Leave out every picture and set down, exactly, the lines below from the one holding "RIDEX 1E0698451, 1E0698451B, 1E0698451D, 1E0698451E, 1E0698451G" up to and including the one holding "629cc054abd Futsal Boot".

Source data -
#####

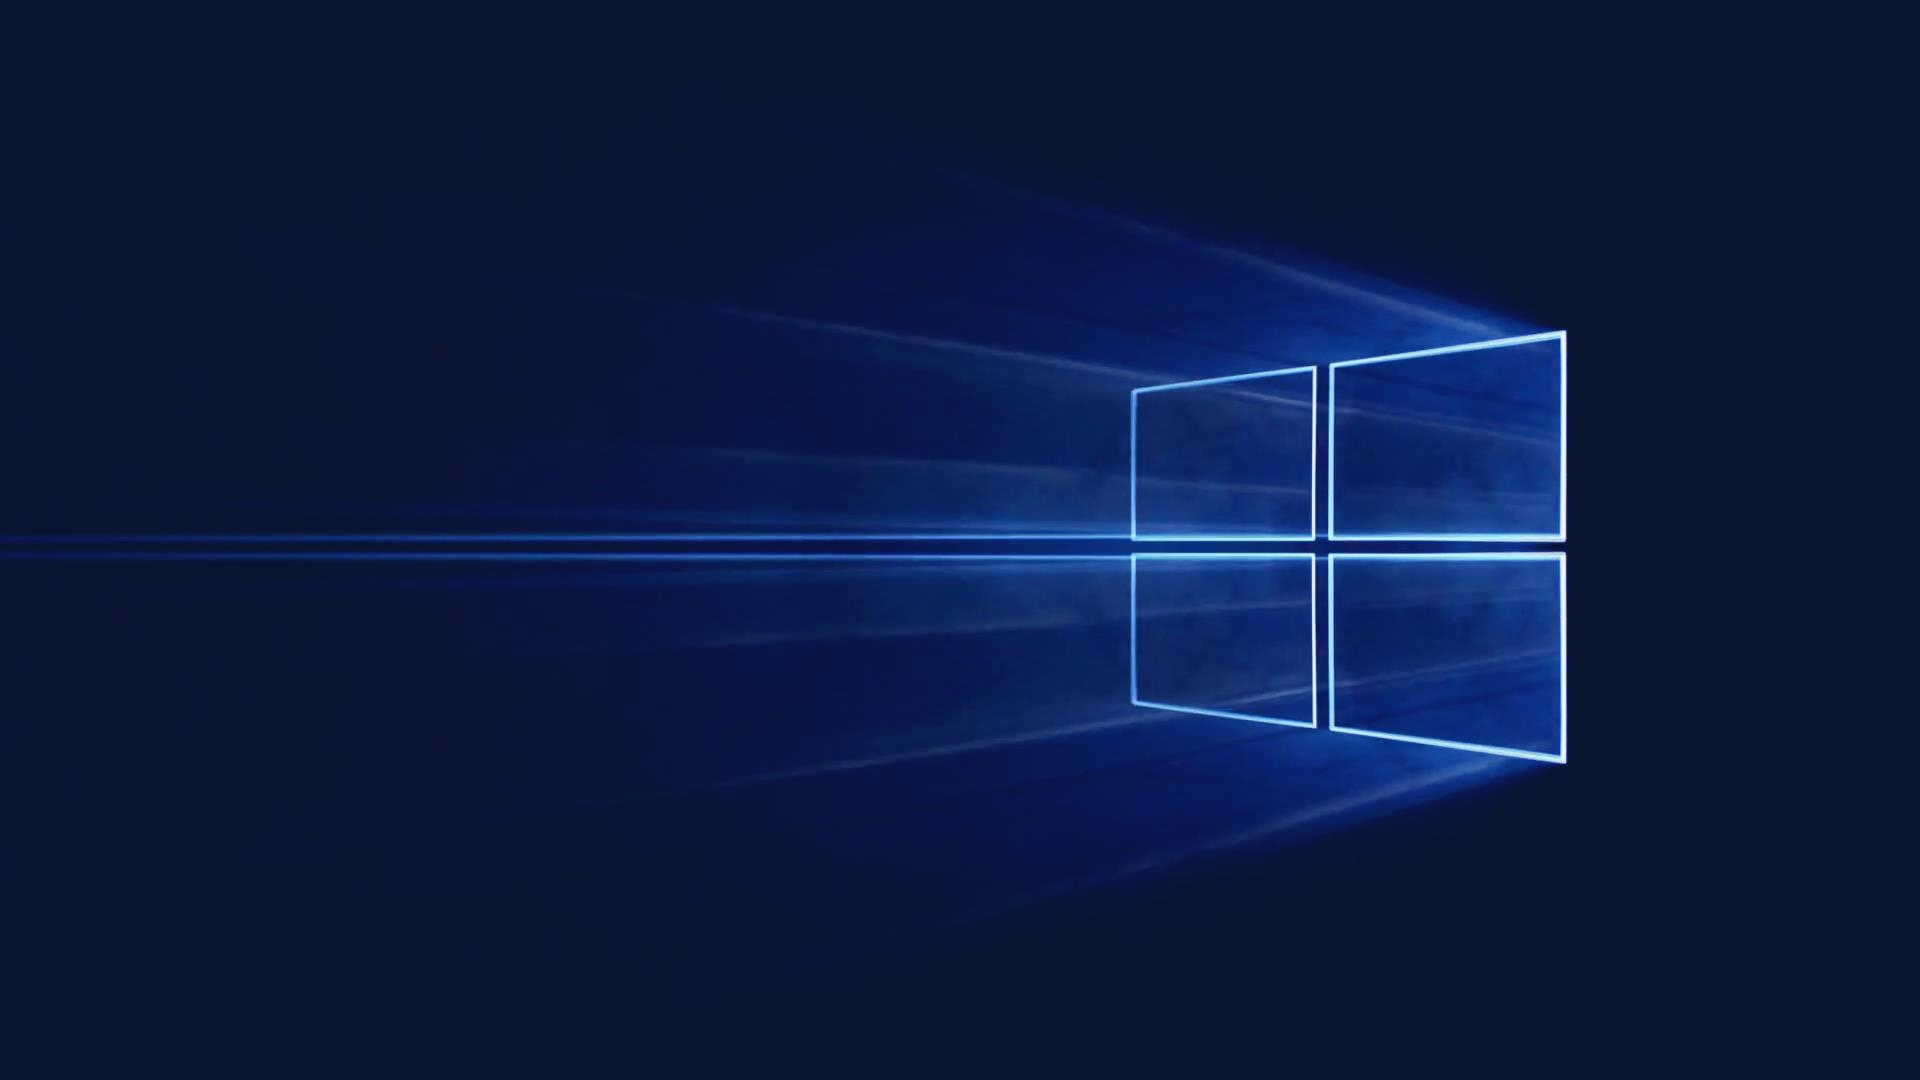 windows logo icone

#####

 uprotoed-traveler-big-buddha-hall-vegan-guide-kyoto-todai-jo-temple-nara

#####

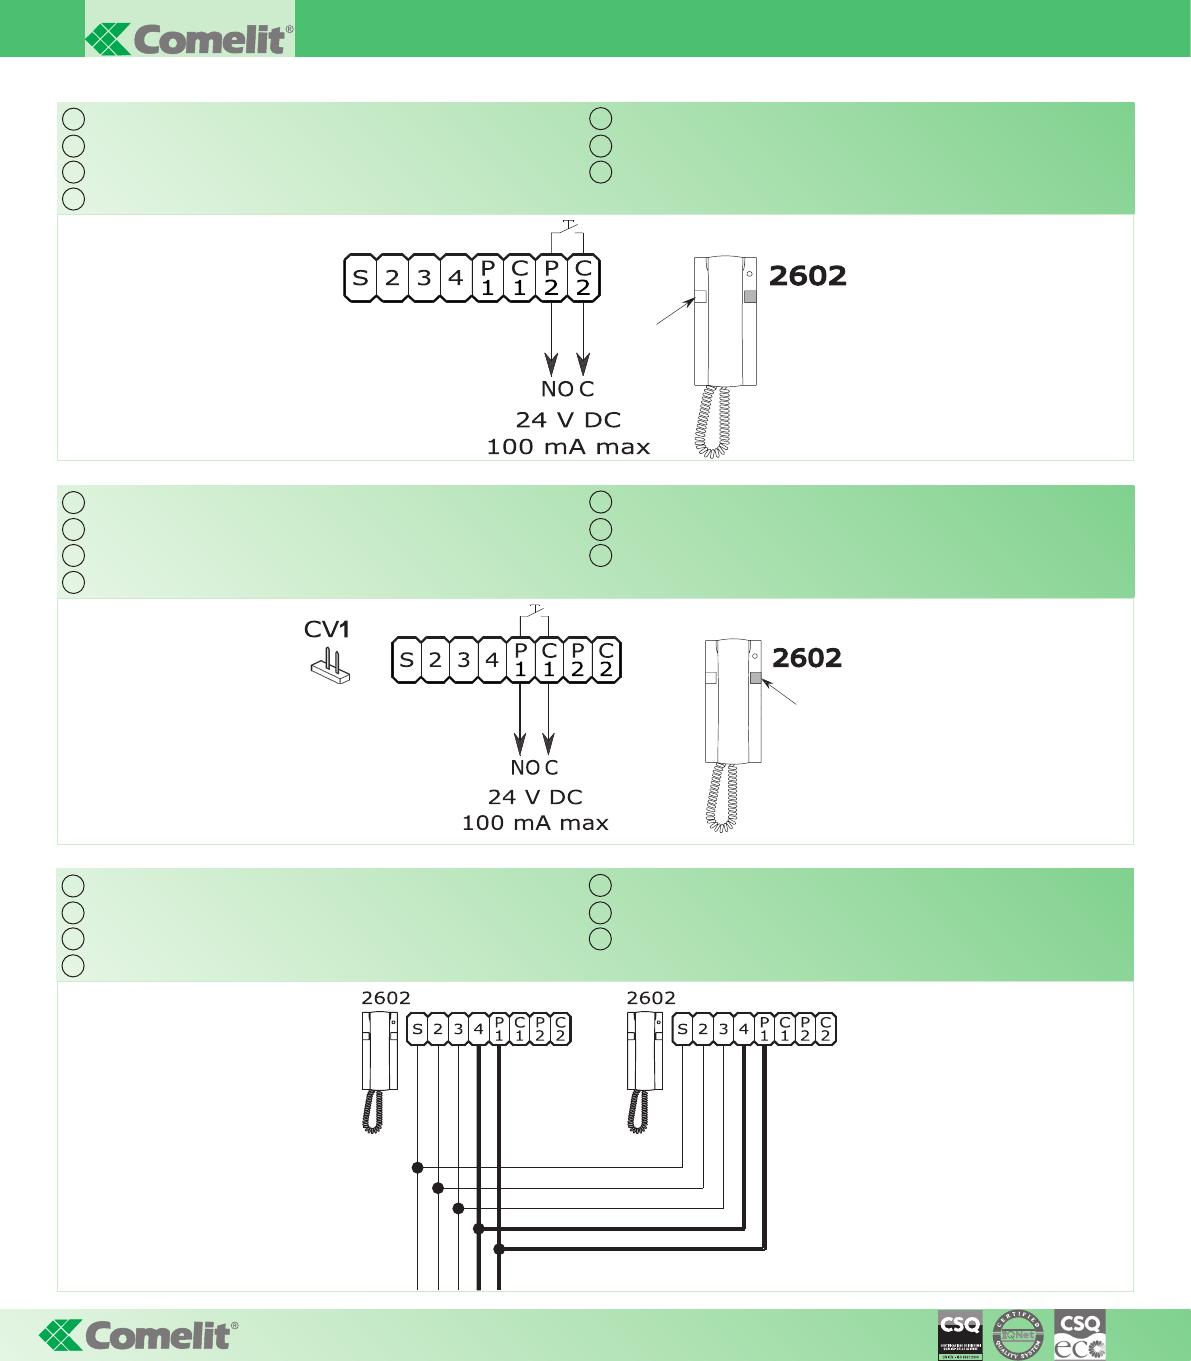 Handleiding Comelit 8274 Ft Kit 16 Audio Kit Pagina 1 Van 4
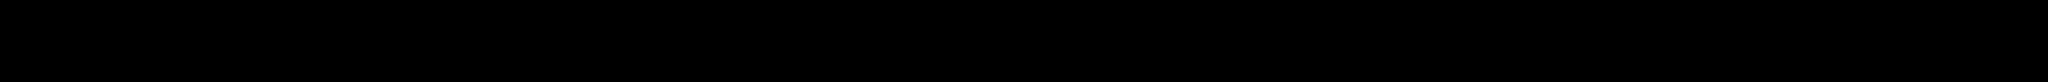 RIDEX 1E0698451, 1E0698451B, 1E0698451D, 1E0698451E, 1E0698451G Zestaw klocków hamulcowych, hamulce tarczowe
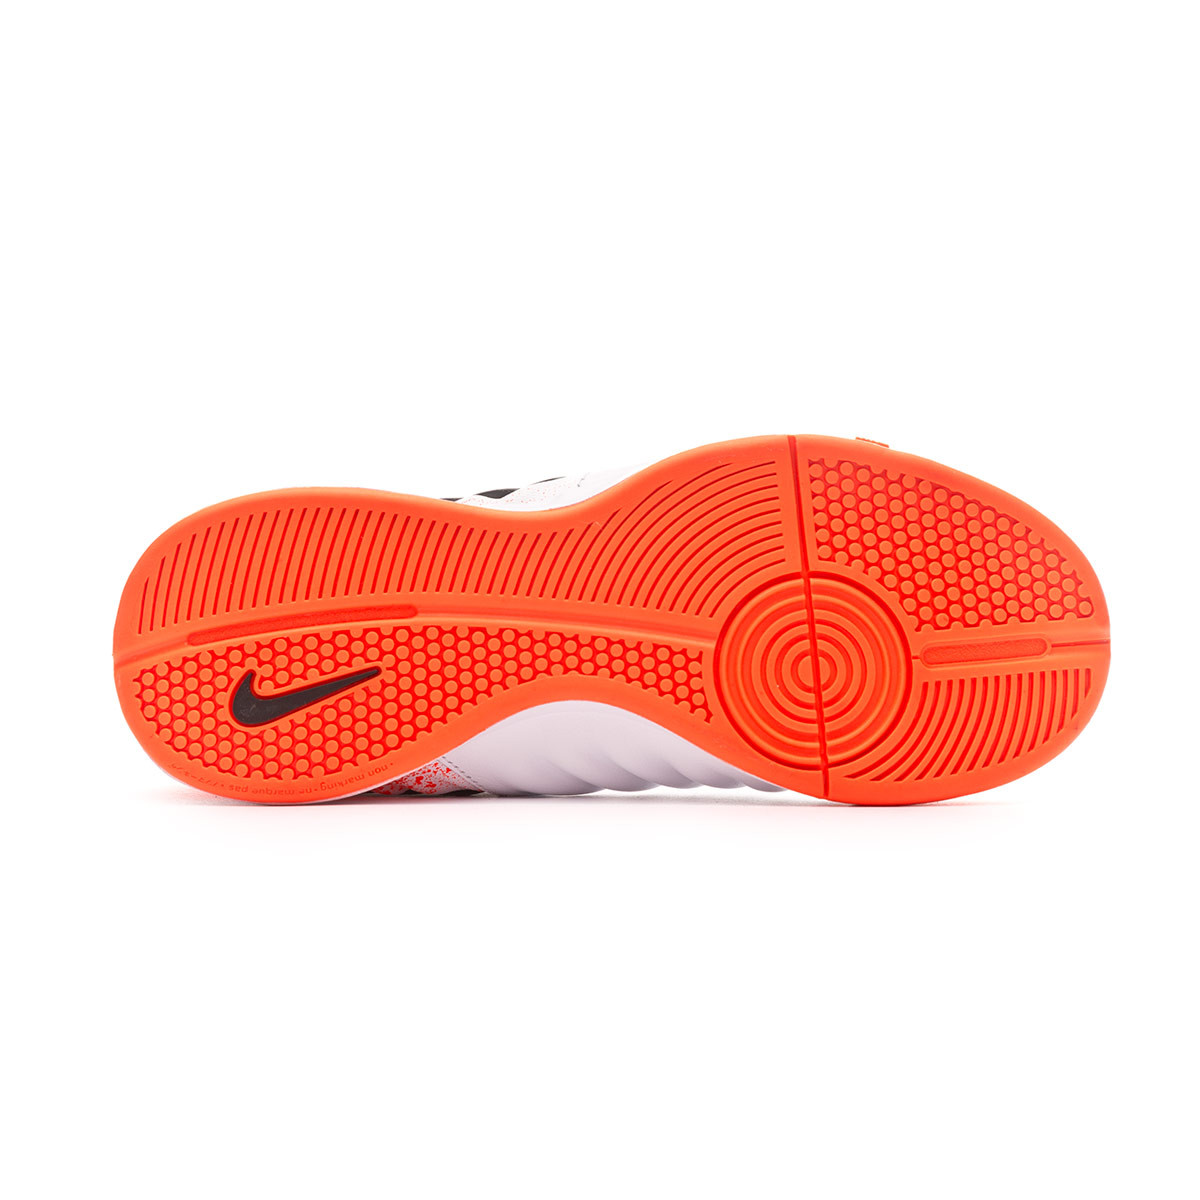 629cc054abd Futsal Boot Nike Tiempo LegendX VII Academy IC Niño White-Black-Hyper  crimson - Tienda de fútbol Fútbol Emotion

#####

Response for this exercise -
 RIDEX 1E0698451, 1E0698451B, 1E0698451D, 1E0698451E, 1E0698451G Zestaw klocków hamulcowych, hamulce tarczowe
 629cc054abd Futsal Boot Nike Tiempo LegendX VII Academy IC Niño White-Black-Hyper  crimson - Tienda de fútbol Fútbol Emotion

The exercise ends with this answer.